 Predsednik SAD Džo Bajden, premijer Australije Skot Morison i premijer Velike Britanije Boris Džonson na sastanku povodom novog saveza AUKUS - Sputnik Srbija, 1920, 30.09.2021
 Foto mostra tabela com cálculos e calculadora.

---

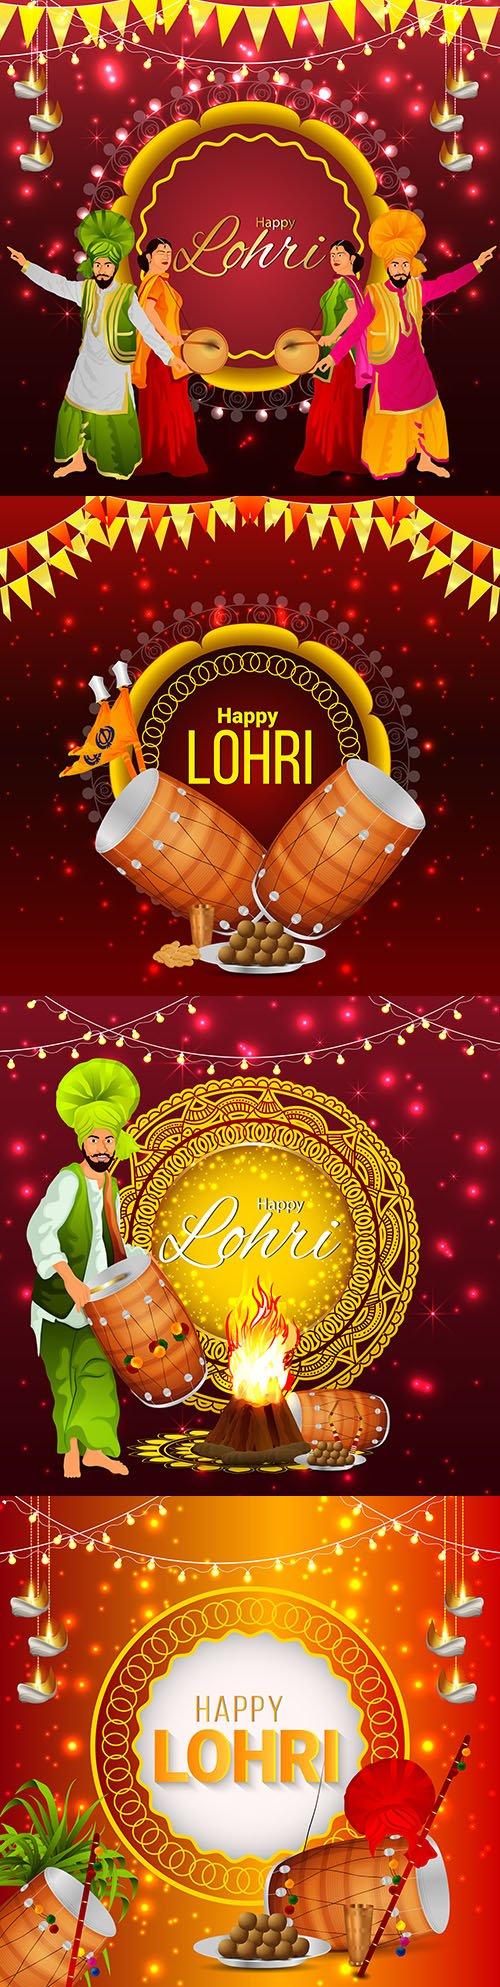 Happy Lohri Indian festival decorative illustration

▸ **ASSIGNMENT**
Starting at the line above that contains "Predsednik SAD Džo", write out each line exactly until the line that contains "Foto mostra tabela" has been written, and stop there.

▸ **REPLY**
 Predsednik SAD Džo Bajden, premijer Australije Skot Morison i premijer Velike Britanije Boris Džonson na sastanku povodom novog saveza AUKUS - Sputnik Srbija, 1920, 30.09.2021
 Foto mostra tabela com cálculos e calculadora.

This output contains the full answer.